Cognitive training works by the brain creating new electrical pathways in a process called neuroplasticity, boosting the number of nerve connections it contains.

It is increasingly being used by medics, such as psychologists and speech therapists, to help people recover after a brain injury or stroke.

And it may also be used in schools to help students overcome learning difficulties or in life coaching to aid positive thinking.

Sixty people aged between 65 and 80 had cognitive training games set up on their TVs at home. 

Half the participants played games that tested their car driving skills, while the remainder played regular games relating to their attention and thinking speed.
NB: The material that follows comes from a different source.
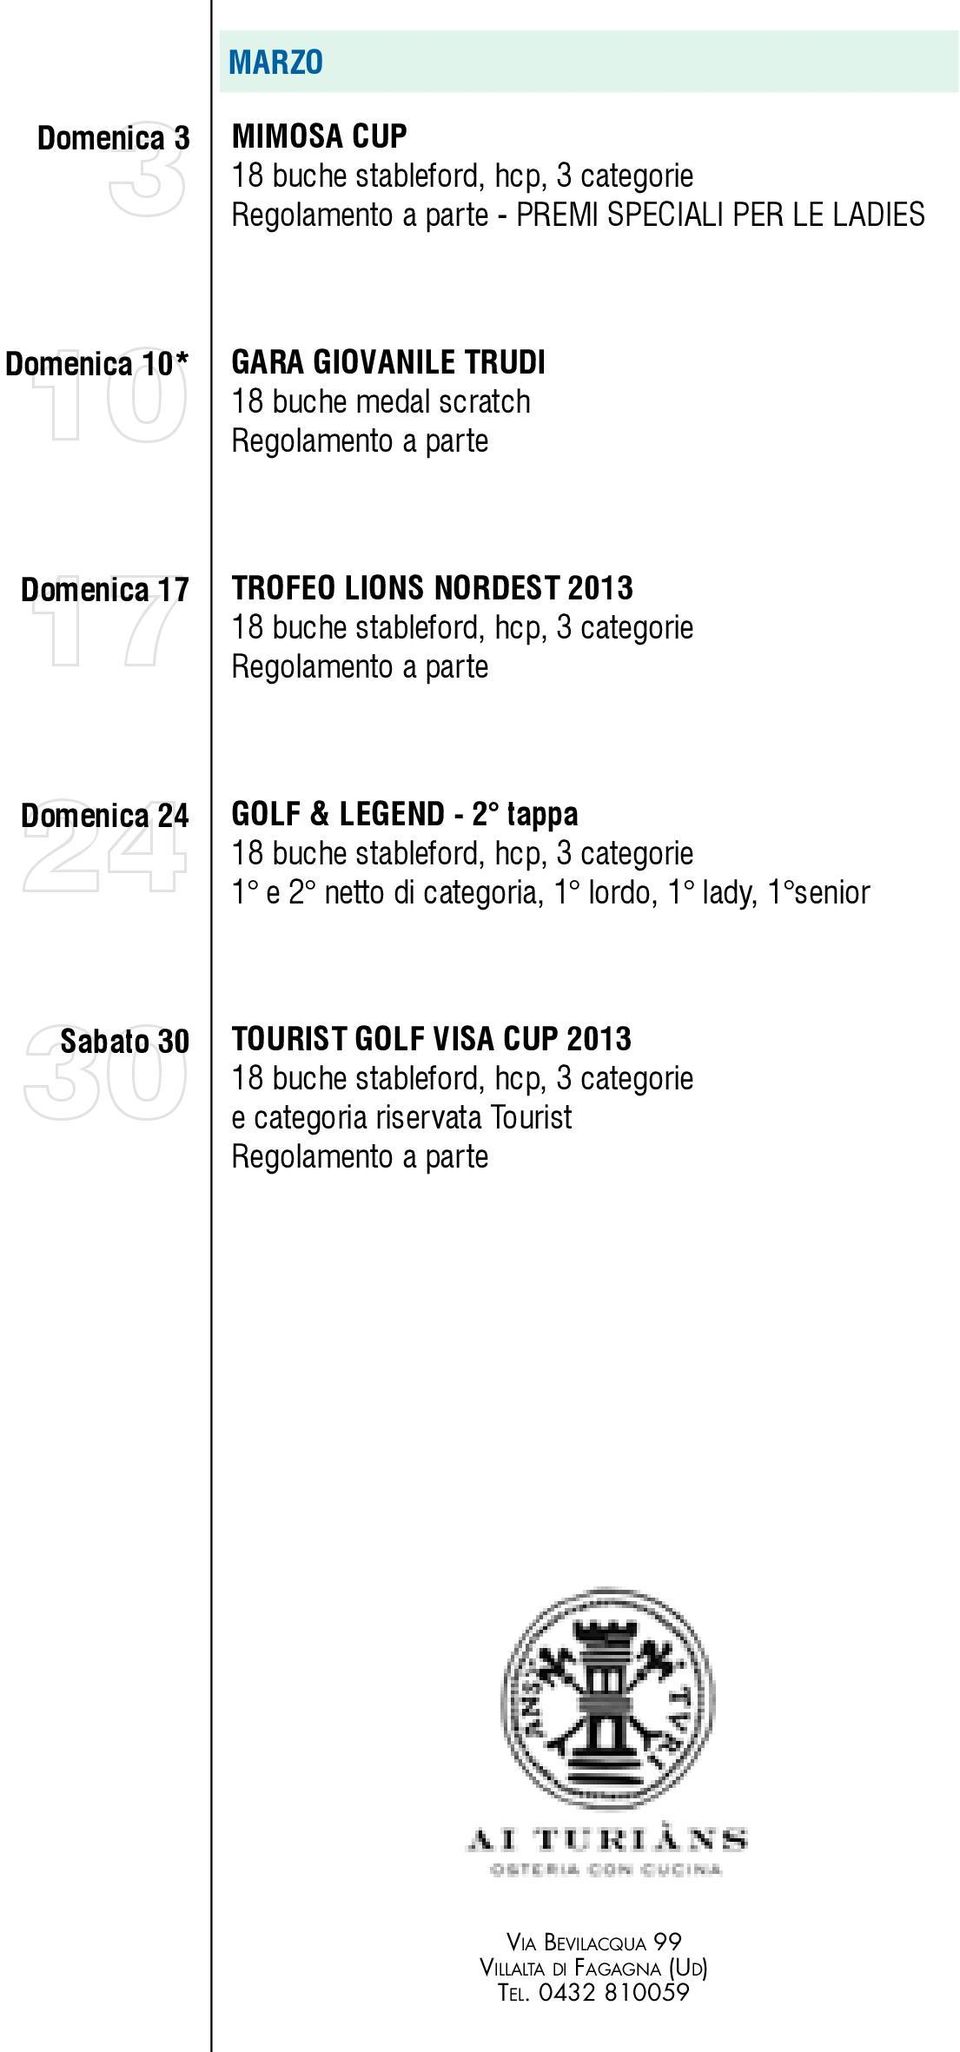 Domenica 24 GOLF & LEGEND - 2 tappa Sabato 30 TOURIST GOLF VISA CUP 2013 e

The participants, who all had driving licences, were asked to play the games for 20 minutes at a time for at least five days a week over six weeks. 

The first car game tested the participants’ processing speeds by showing them two signs with numbers on.

They then had to select the larger number as quickly as possible.

In the attention game, players had to perform two tasks simultaneously, such as pressing buttons in response to a character on the screen.

And in the speed task, the participants had to quickly press a button when a character emerged.

Their driving skills were assessed before and after the six weeks via a 20 minute on-road test with an instructor sitting in the car.  

The participants’ cognitive function, including processing speed, attention and memory, was also measured. 

The game was set up on the players’ TVs in their homes and connected to the internet

Players were also asked to select the sign with the larger number as quickly as possible 

In a game that tested their speed prediction, a target moved behind the grey wall from left to right. Participants quickly pushed a button when the target re-emerged from behind the wall

Results revealed the participants who played the driving game saw significant improvement in their road skills and processing speeds but not to their memories or attention spans. 

They also reported having more ‘vigour’, which the researchers put down to ‘cognitive training functioning as emotional regulation’.

‘These results extended our previous findings that regular use of a simple cognitive training game can benefit older adults who drive cars,’ Dr Nouchi said. 

The researchers stress, however, that just because the participants improved some of their road and cognitive skills they did not automatically become good drivers.

Future studies should investigate whether cognitive training reduces the number of collisions, they added. 

Their study also only measured the effect of cognitive-training games on a player’s short-term driving skills. 

Additional research should analyse the effects over the long term, the researchers said.